Nadal-Lopez, Federer-Wawrinka, Roddick-Fish or a little further, Grosjean-Clement. The finals of the BNP Paribas Open Masters 1000 have always honoured prestigious double pairs. An incongruity in a discipline now widely abandoned by the best, much to the delight of third-string players too limited for the simples. How to revive the interest of the champions, and therefore of the public, for the practice of the doubles? The ATP, WTA and ITF can't help but wonder. We tried to help them.
The easy way: upgrade the Davis Cup by BNP Paribas
In which competition are the doubles the most important? In the Davis Cup by BNP Paribas, of course. In forty years, the final of the event has escaped only twice to the team who was leading after the Saturdays’ doubles. It would be enough to reassert the money and points worth of the competition for the best to see an interest in participating... and train during the year for potential crucial doubles with their national team. To this end, a first step was taken, in 2009, by rewarding the tournaments in ATP points. "This is a win-win situation for both the Davis Cup and the ATP, said Francesco Ricci Bitti, President of the International Federation. The national team matches have become more attractive to the best players." So much for theory. In practice, the maximum 625 points that a player can collect by winning all his matches, doesn’t weigh heavily compared to the smallest of the Masters 1000. But if a new effort was made to provide the silver bowl with a value to match its rich history, then the result could again attract the world's elite.
Plus:
While many champions challenge the place or the format of the Davis Cup by BNP Paribas in the calendar, its full integration in the ATP points scheme would overcome many reservations. Not to mention the suspense made possible by the status of the last annual event held by the final. No later than 2013 the match Serbia-Czech Republic has failed to be the real decider of the season because of how tight were Rafael Nadal and Novak Djokovic.
Minus:
By definition, in a collective exercise, everyone doesn't start on an equal footing. A team can be too weak and therefore won't last in the competition. It doesn't matter if one of the players of the team is Andy Murray. But a team that is too strong, just like Spain in recent years, with players ranked around the 20th place in the world is left behind. Not great for sporting fairness.
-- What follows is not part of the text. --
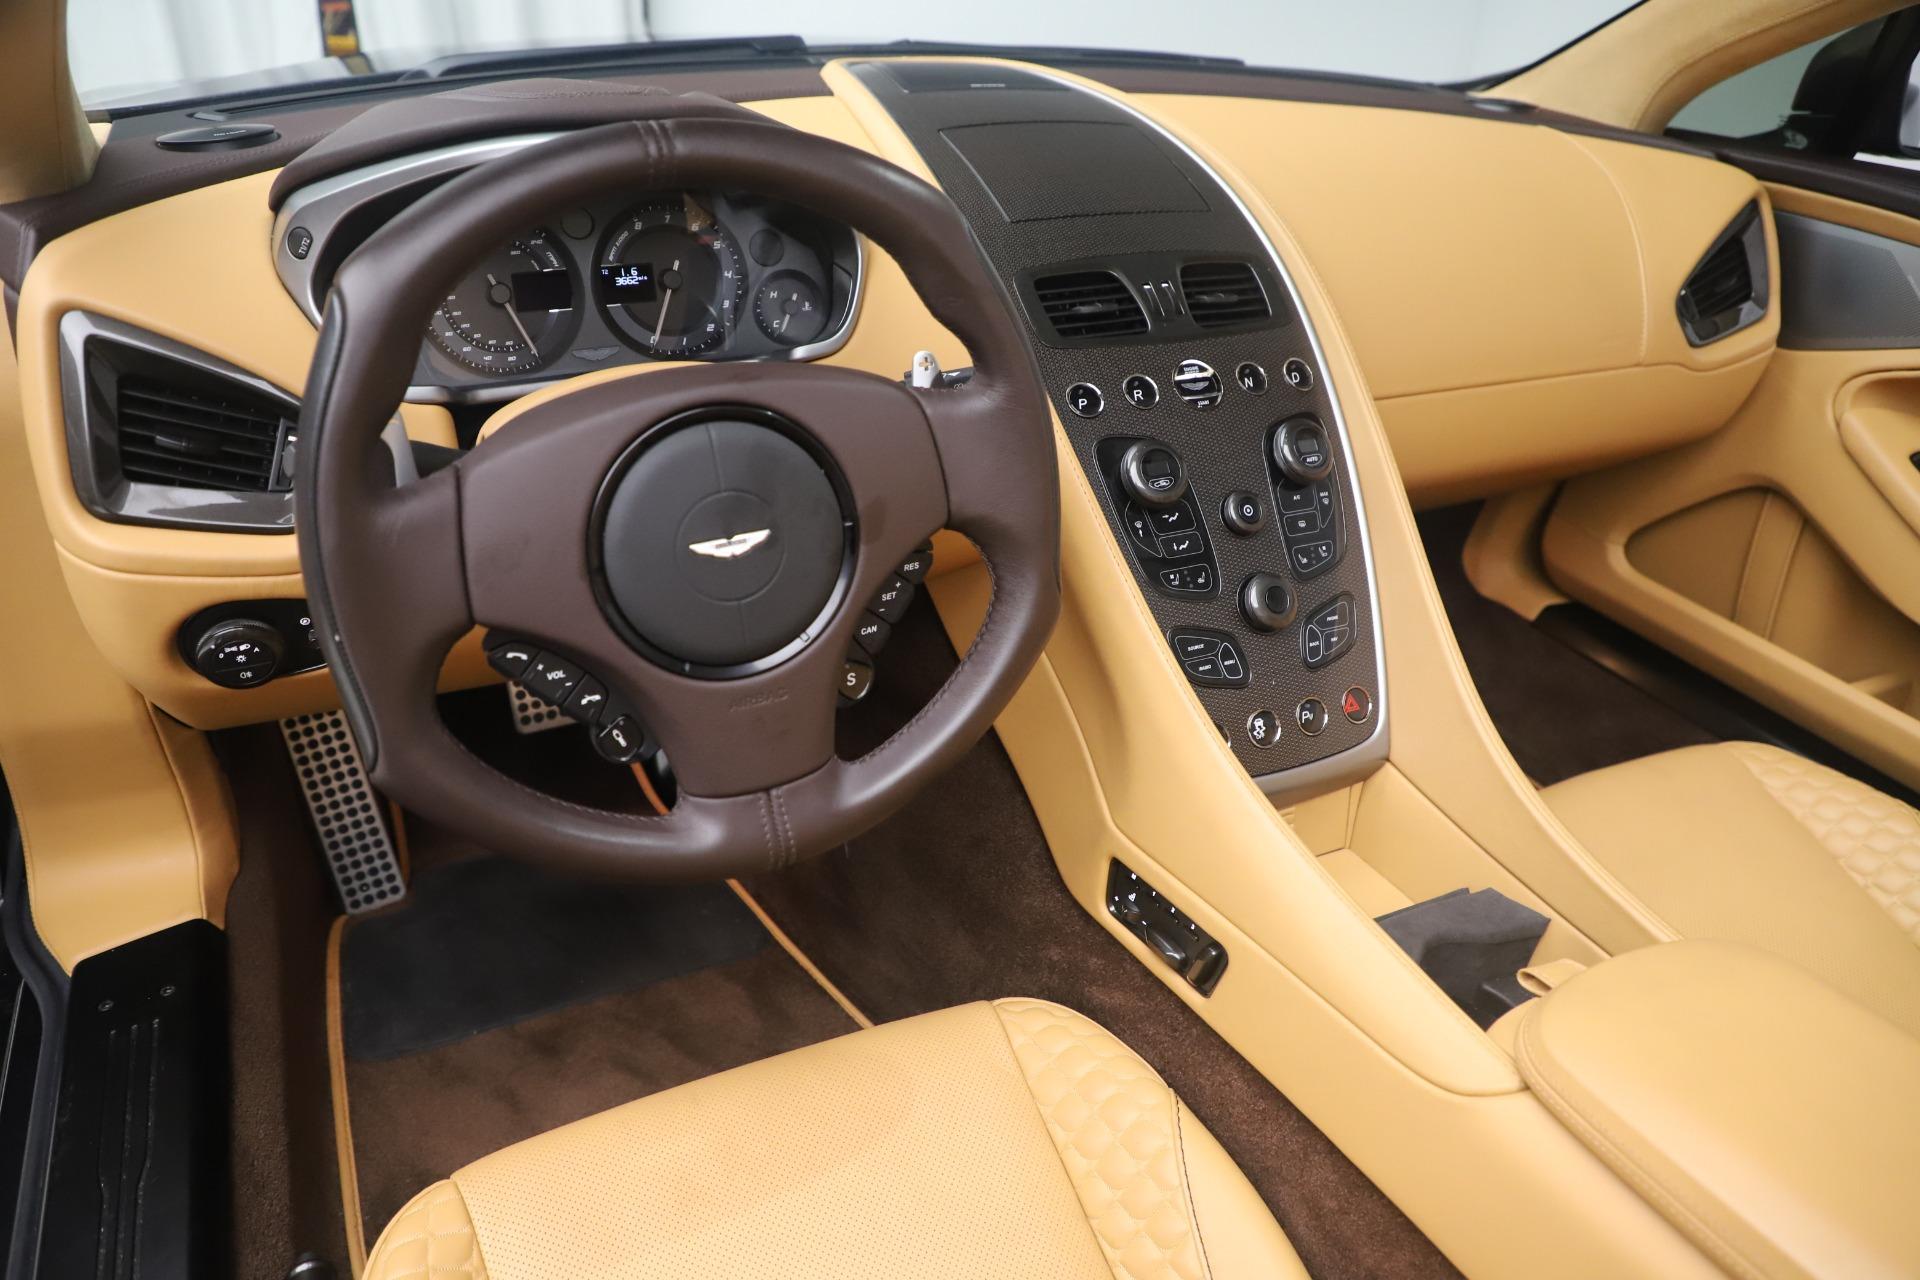 Used 2016 Aston Martin Vanquish Volante For Sale In Greenwich, CT 3542_p21

The hard way: merging the rankings
"To rejuvenate the doubles, the ATP and WTA should have only one ranking, based 75% on singles results and 25% on doubles results. This is what I advocated at the time I was chairman of the ATP players." For the American Tim Mayotte, himself a former top player, the salvation of the discipline currently dominated by pre-forties players goes through the merger of the results: keep the premium for the simples, but enlivened with a pinch of doubles. Mayotte believes that this would force the best to reconnect with the discipline. The option has the advantage of already existing in the junior world rankings, providing a field of analysis. Since 2004, the hierarchy of champions in training is calculated based on their best six singles results and best six doubles results, worth 25%. The avowed purpose of the ITF is to "encourage the practice of the doubles among young people and, therefore, at the professional level." Could the natural evolution of the process lead to apply it to"the big boys"?
Plus:
If the current champions would struggle to accept such shift, the following generations, used to practice this type of combined rankings, would probably be less restive. Especially as the ITF bet has been generally validated by the results on the courts, especially on the women's tour, where most of the players present in the Top 10 in simples also play the doubles seriously.
Minus:
The lack of clarity of such rankings. For some, the doubles transplant took well, but not for all... A choice made sensibly, of course, but which would cause endless arguments as consequences in the standings. The junior experience showed that Grigor Dimitrov was able to lose the title of world champion in 2008 to the Taiwanese Yang Tsung-Hua, despite the advantage of two Grand Slam successes in simples. Three times, the World No. 1 at the end of the season even completed the exercise without winning any Grand Slam title in simples (Noppawan Lertcheewakarn in 2008, Juan Sebastian Gomez in 2010 and Irina Khromacheva in 2011).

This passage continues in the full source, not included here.